Leahy, 55, will be based at Clayton Dubilier’s London office, the firm said in a statement yesterday. He left Tesco, the U.K.’s biggest retailer, in March after a 32-year career at the Cheshunt, England-based company.
Private-equity firms routinely use former executives of large companies to provide advice to companies they own by sitting on boards or consulting with executives on operational matters. New York-based Clayton Dubilier counts former General Electric Co. CEO Jack Welch among its advisers.
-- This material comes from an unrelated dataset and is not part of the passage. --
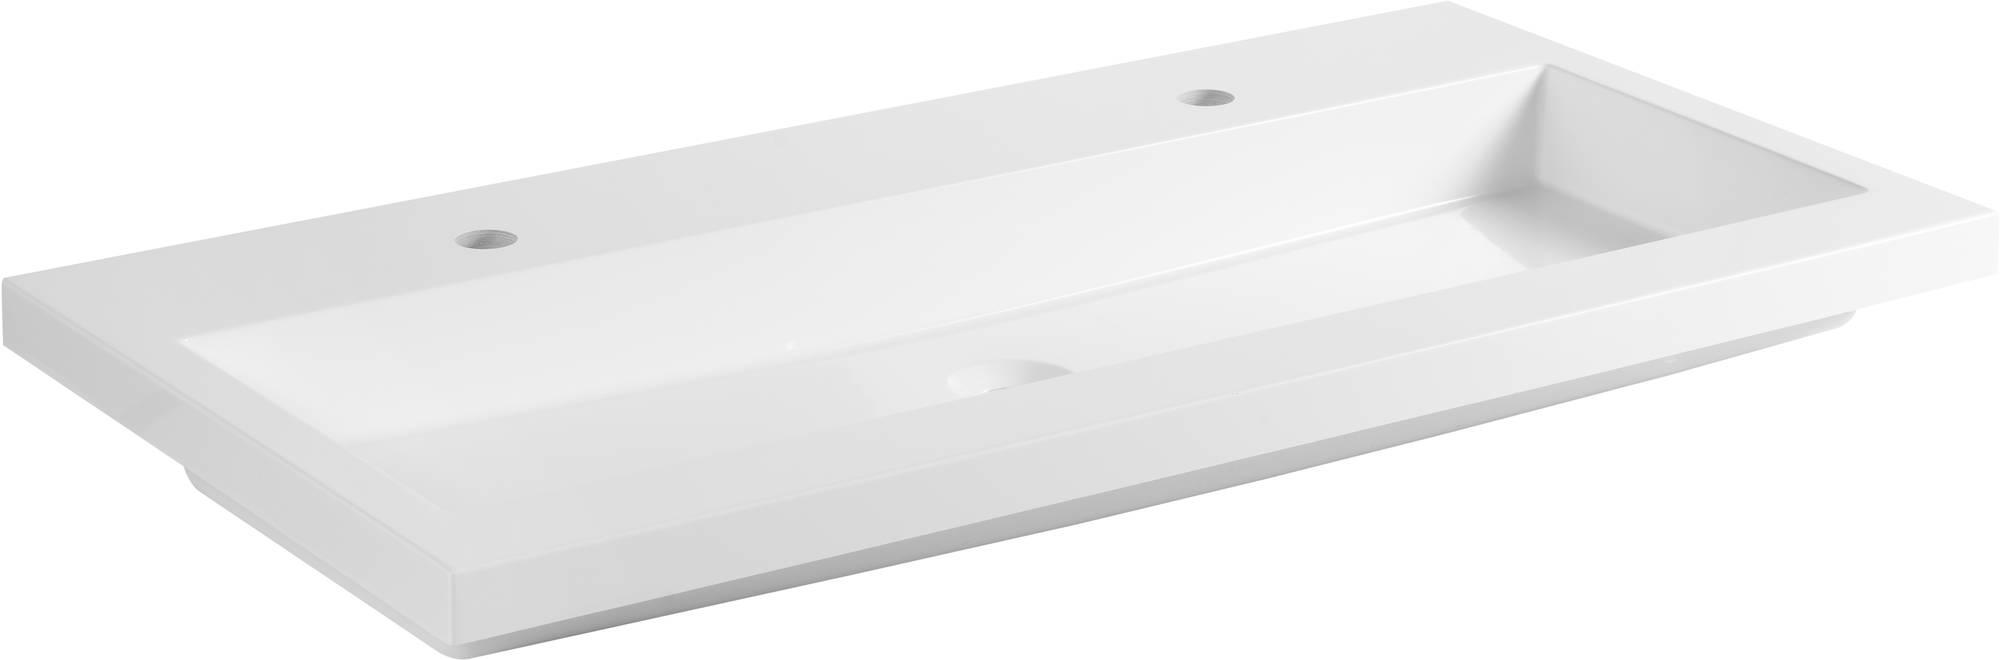 Ben Straight Wastafel 100,5x51,5x4 cm Mat Wit

Stuart Rose, the former CEO of U.K. clothing retailer Marks & Spencer Group Plc, became an adviser to Bridgepoint Capital Ltd. last year.
Tesco more than quadrupled sales and profit during the 14 years that Leahy ran the company. Under his leadership, the supermarket company entered Japan, Malaysia, Thailand, South Korea and the U.S., increasing the proportion of sales from outside the U.K. to about a third from 6 percent when he took control. Leahy was succeeded as Tesco CEO by Phil Clarke, who had headed the company’s operations in Asia and Europe.
Private-equity firms are hiring executives from industry as they seek to invest some of the $470 billion of capital they raised before the credit crisis. They have led $147 billion of takeovers this year, up from $79 billion in the same period a year earlier, according to data compiled by Bloomberg.
Clayton Dubilier’s investments include U.S. Foodservice, the second-largest U.S. food-service distributor, which it bought with Kohlberg Kravis Roberts & Co. from Royal Ahold NV in 2007.